Dear power Pandas experts:
I'm trying to implement a function to flatten a column of a dataframe which has element of type list, I want for each row of the dataframe where the column has element of type list, all columns but the designated column to be flattened will be duplicated, while the designated column will have one of the value in the list.
The following illustrate my requirements:
input = DataFrame({'A': [1, 2], 'B': [['a', 'b'], 'c']})
A B
0 1 [a, b]
1 2 c
expected = DataFrame({'A': [1, 1, 2], 'B': ['a', 'b', 'c']}, index=[0, 0, 1])
A B
0 1 a
0 1 b
1 2 c
I feel that there might be an elegant solution/concept for it, but I'm struggling.
Here is my attempt, which does not work yet.
def flattenColumn(df, column):
'''column is a string of the column's name.
for each value of the column's element (which might be a list), duplicate the rest of columns at the correspdonding row with the (each) value.
'''
def duplicate_if_needed(row):
return concat([concat([row.drop(column, axis = 1), DataFrame({column: each})], axis = 1) for each in row[column][0]])
return df.groupby(df.index).transform(duplicate_if_needed)
In recognition of alko's help, here is my trivial generalization of the solution to deal with more than 2 columns in a dataframe:
def flattenColumn(input, column):
'''
column is a string of the column's name.
for each value of the column's element (which might be a list),
duplicate the rest of columns at the corresponding row with the (each) value.
'''
column_flat = pandas.DataFrame(
[
[i, c_flattened]
for i, y in input[column].apply(list).iteritems()
for c_flattened in y
],
columns=['I', column]
)
column_flat = column_flat.set_index('I')
return (
input.drop(column, 1)
.merge(column_flat, left_index=True, right_index=True)
)
The only limitation at the moment is that the order of columns changed, the column flatten would be at the right most, not in its original position. It should be feasible to fix.
I guess easies way to flatten list of lists would be a pure python code, as this object type is not well suited for pandas or numpy. So you can do it with for example
>>> b_flat = pd.DataFrame([[i, x]
... for i, y in input['B'].apply(list).iteritems()

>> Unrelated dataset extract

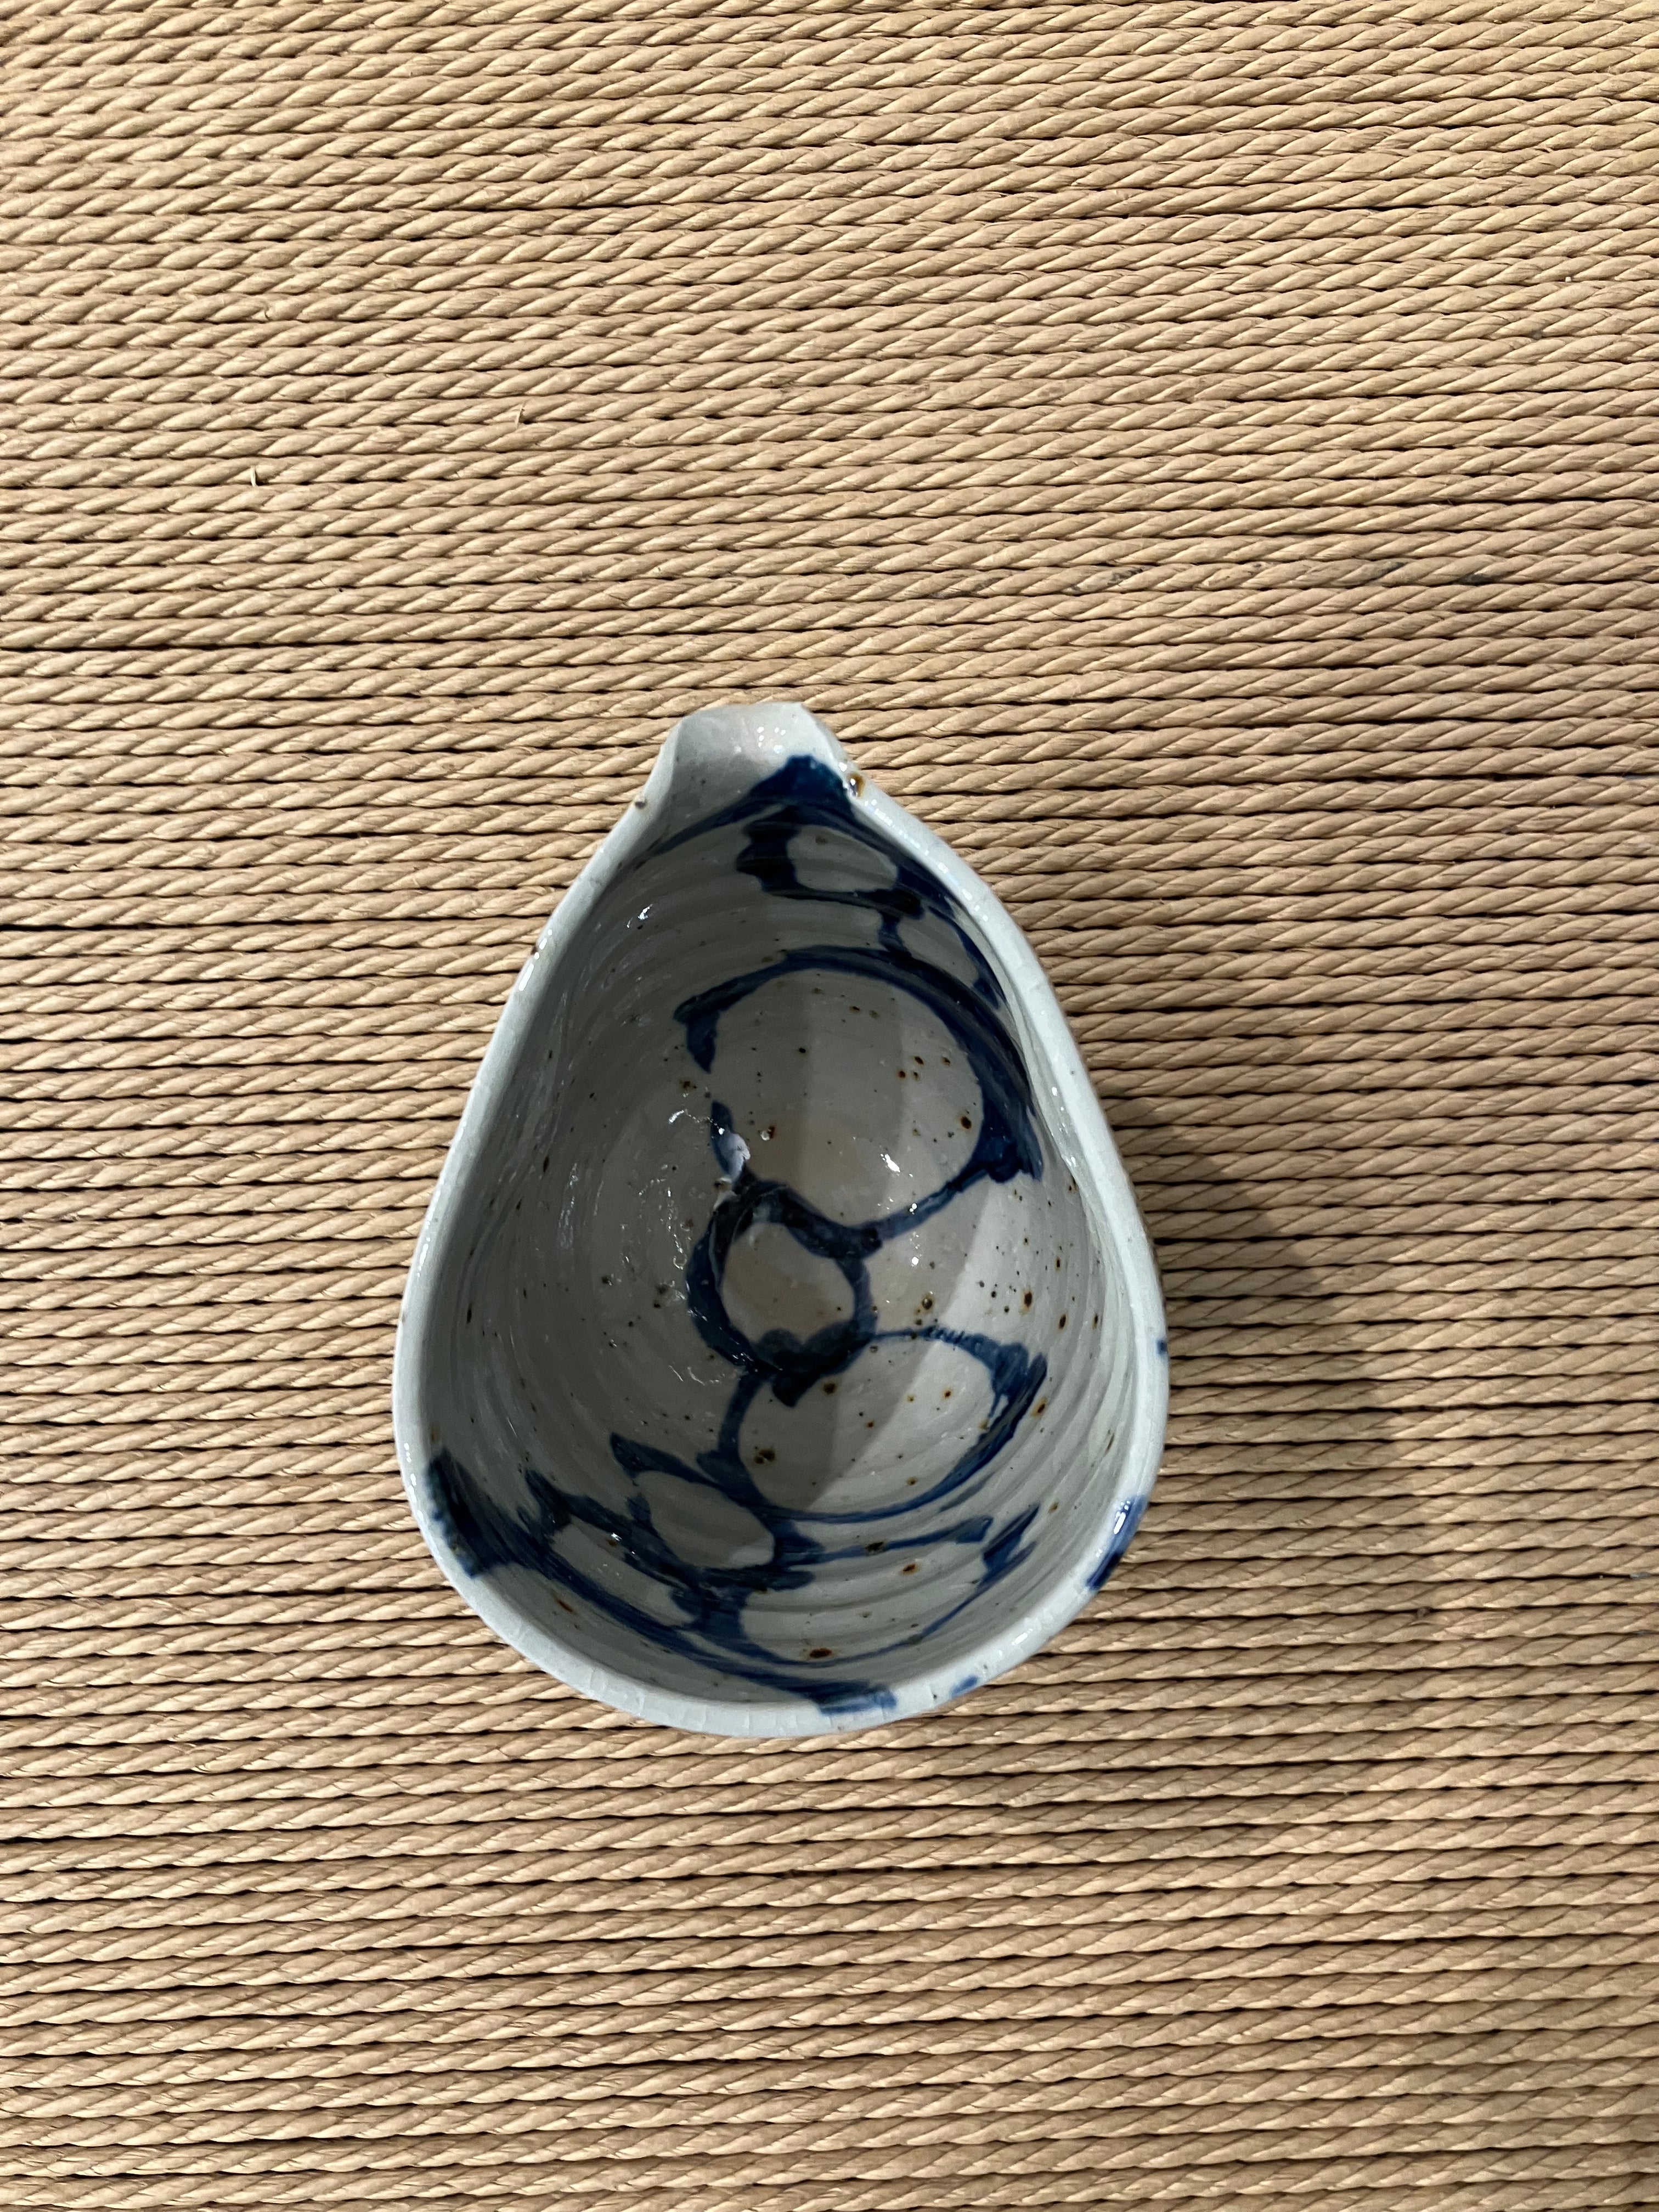 Ceramic jug in an organic shape with a blue pattern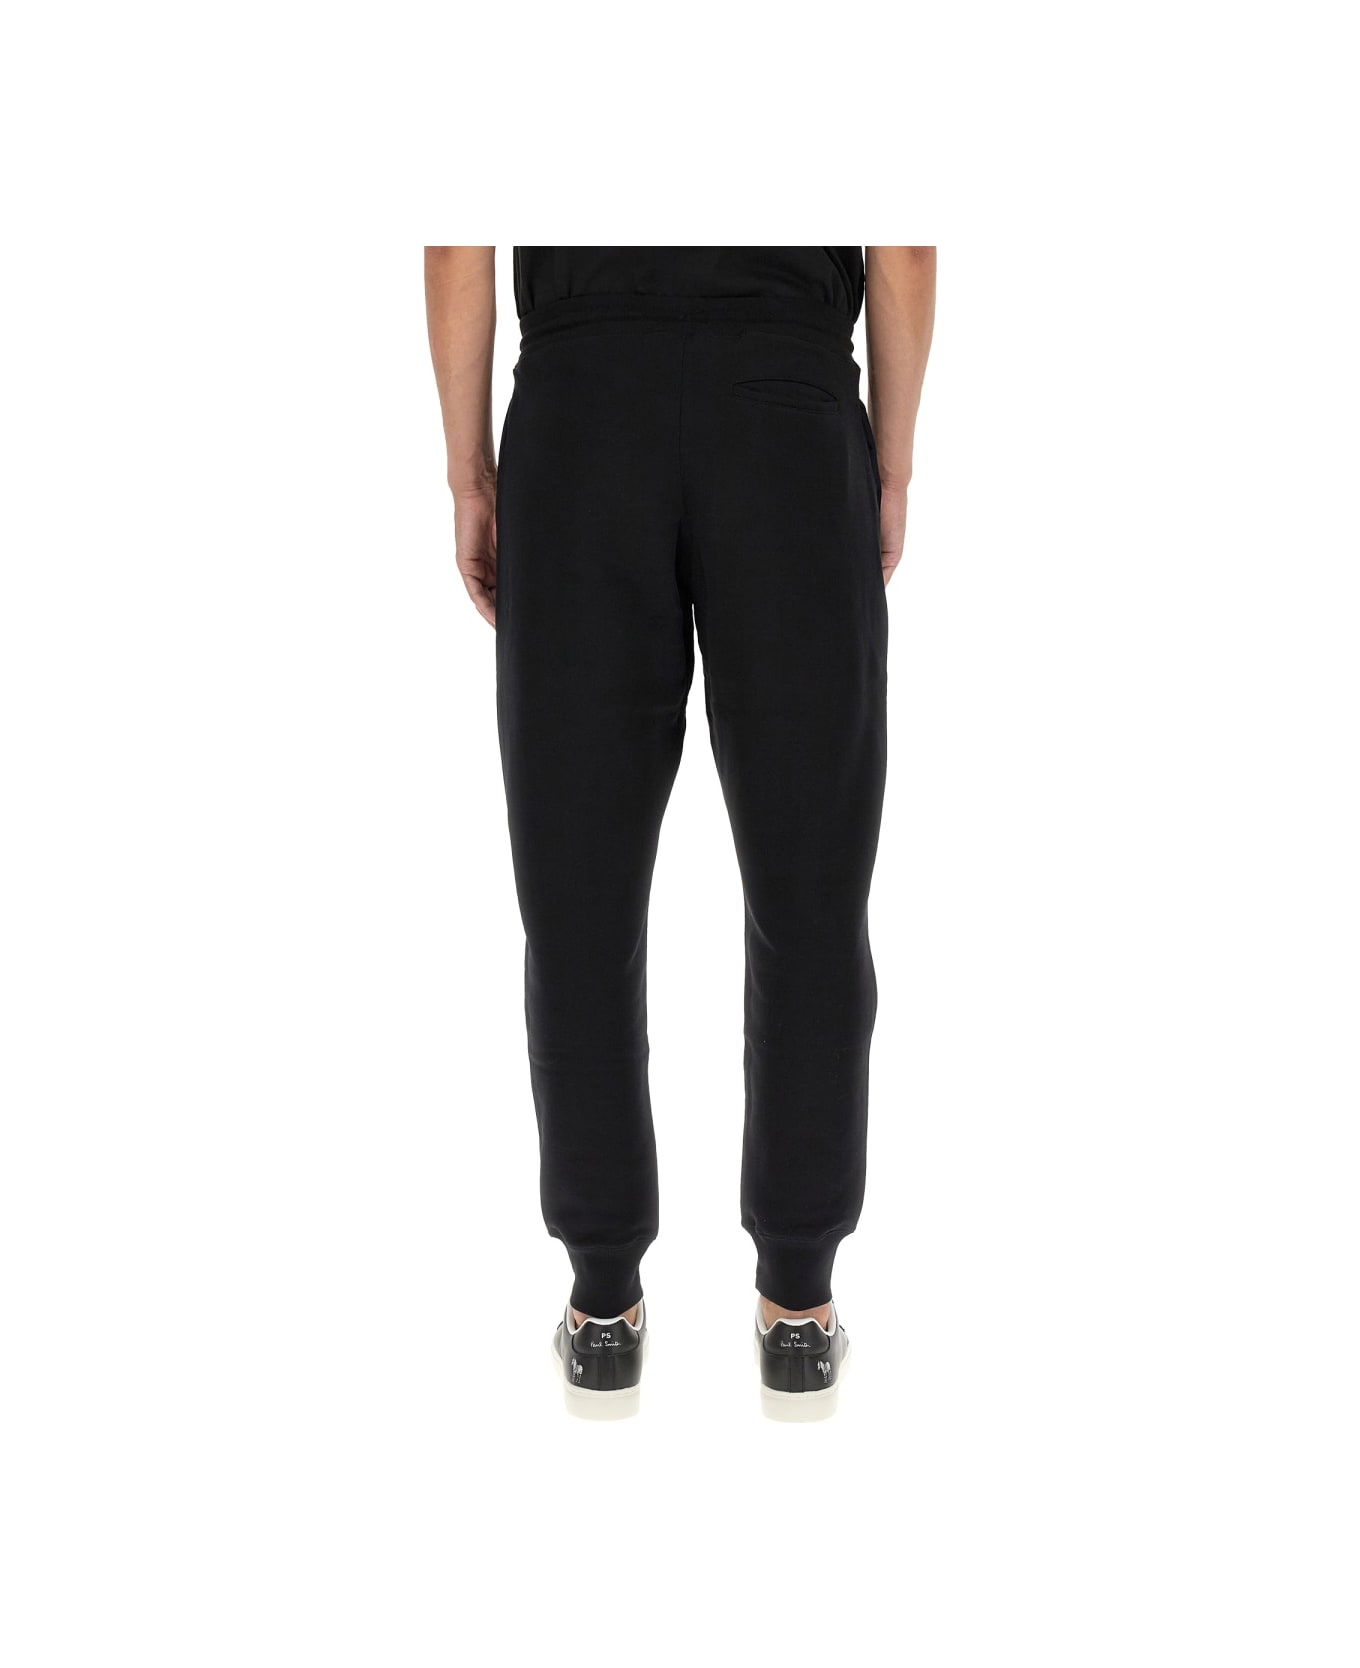 PS by Paul Smith Jogging Pants - BLACK

... for x in y], columns=list('IB'))
>>> b_flat = b_flat.set_index('I')
Having B column flattened, you can merge it back:
>>> input[['A']].merge(b_flat, left_index=True, right_index=True)
A B
0 1 a
0 1 b
1 2 c
[3 rows x 2 columns]
If you want the index to be recreated, as in your expected result, you can add .reset_index(drop=True)
to last command.